Try just one domain to see if generalization still succeeds

In [None]:
train_n_dd_nets(run_type='1domain', net_params={'n_domains': 1}, train_params={'num_epochs': 5001})

Mess with LR a little since I realized the loss was weird

In [None]:
long_train_params = {'lr': 0.05 / 124, 'snap_freq': 500, 'num_epochs': 30001}
train_n_dd_nets(n=4, run_type='4domain_long', train_params=long_train_params)
train_n_dd_nets(n=4, run_type='1domain_long', net_params={'n_domains': 1}, train_params=long_train_params)

Actually try changing weight init and batch size instead to try to replicate paper

In [None]:
small_init_train_params = {'lr': 0.05, 'snap_freq': 500, 'num_epochs': 5001, 'batch_size': 1}
# train_n_dd_nets(n=1, run_type='4domain_small_init', train_params=small_init_train_params,
#                 net_params={'param_init_scale': 0.0005})
# train_n_dd_nets(n=1, run_type='1domain_small_init', train_params=small_init_train_params,
#                 net_params={'param_init_scale': 0.0005, 'n_domains': 1})

halfbatch_params = {'snap_freq': 500, 'num_epochs': 30001, 'batch_size': 62}
train_n_dd_nets(n=1, run_type='4domain_halfbatch', train_params=halfbatch_params)
train_n_dd_nets(n=1, run_type='1domain_halfbatch', train_params=halfbatch_params,
                net_params={'n_domains': 1})

Try a couple of larger batch sizes to see if we can get away with it (compare to "original")

In [None]:
train_n_dd_nets(n=18, run_type='batchsize/batch64', train_params={'batch_size': 64})
train_n_dd_nets(n=18, run_type='batchsize/batch32', train_params={'batch_size': 32})
train_n_dd_nets(n=18, run_type='batchsize/batch16', train_params={'batch_size': 16})

# Try 31 since it seems like there's something specifically weird about 32
train_n_dd_nets(n=18, run_type='batchsize/batch31', train_params={'batch_size': 31})

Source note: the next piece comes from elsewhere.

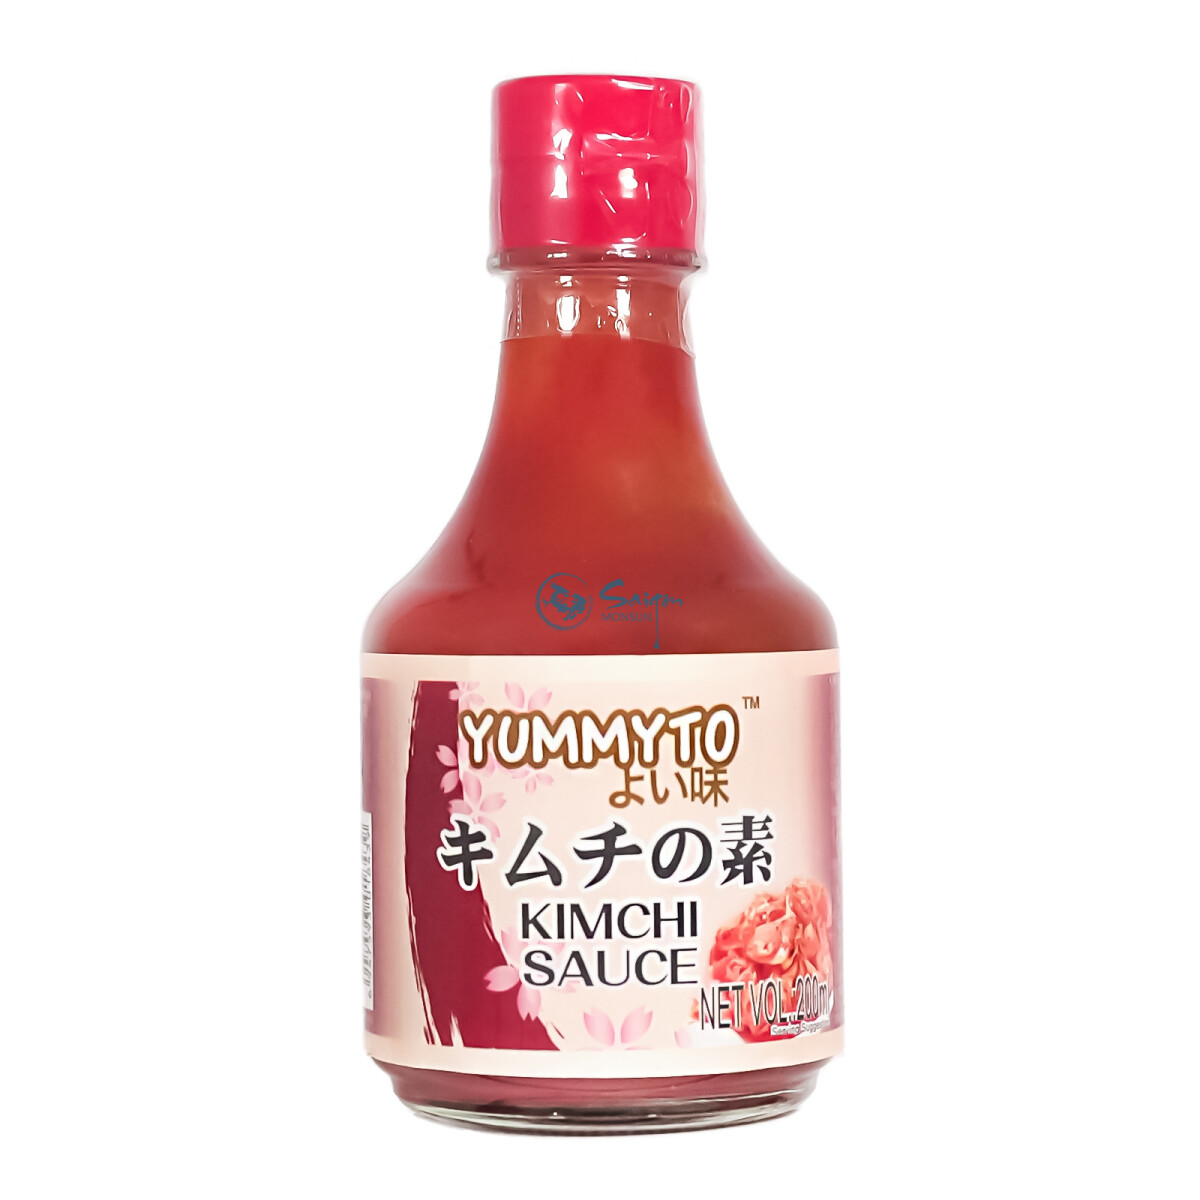 !! *Yummyto Kimchi Sauce 200ml

for sz in range(5, 66, 5):
    train_n_dd_nets(n=18, run_type=f'batchsize/batch{sz}', train_params={'batch_size': sz})

Hold out test on last domain - normal vs. equidistant

In [None]:
train_n_dd_nets(run_type='domain_ho_eqdist', train_params=dho_train_params,
                net_params=dho_net_params('4-2-2', '8'))
train_n_dd_nets(run_type='domain_ho_orig', train_params=dho_train_params,
                net_params=dho_net_params('4-2-2', '4-2-2'))
train_n_dd_nets(run_type='domain_ho_332', train_params=dho_train_params,
                net_params=dho_net_params('4-2-2', '3-3-2'))

In [None]:
train_n_dd_nets(run_type='domain_ho_eqdist_from_332', train_params=dho_train_params,
                net_params=dho_net_params('3-3-2', '8'))
train_n_dd_nets(run_type='domain_ho_orig_from_332', train_params=dho_train_params,
                net_params=dho_net_params('3-3-2', '4-2-2'))
train_n_dd_nets(run_type='domain_ho_332_from_332', train_params=dho_train_params,
                net_params=dho_net_params('3-3-2', '3-3-2'))

In [None]:
train_n_dd_nets(run_type='domain_ho_eqdist_from_eqdist', train_params=dho_train_params,
                net_params=dho_net_params('8', '8'))
train_n_dd_nets(run_type='domain_ho_orig_from_eqdist', train_params=dho_train_params,
                net_params=dho_net_params('8', '4-2-2'))
train_n_dd_nets(run_type='domain_ho_332_from_eqdist', train_params=dho_train_params,
                net_params=dho_net_params('8', '3-3-2'))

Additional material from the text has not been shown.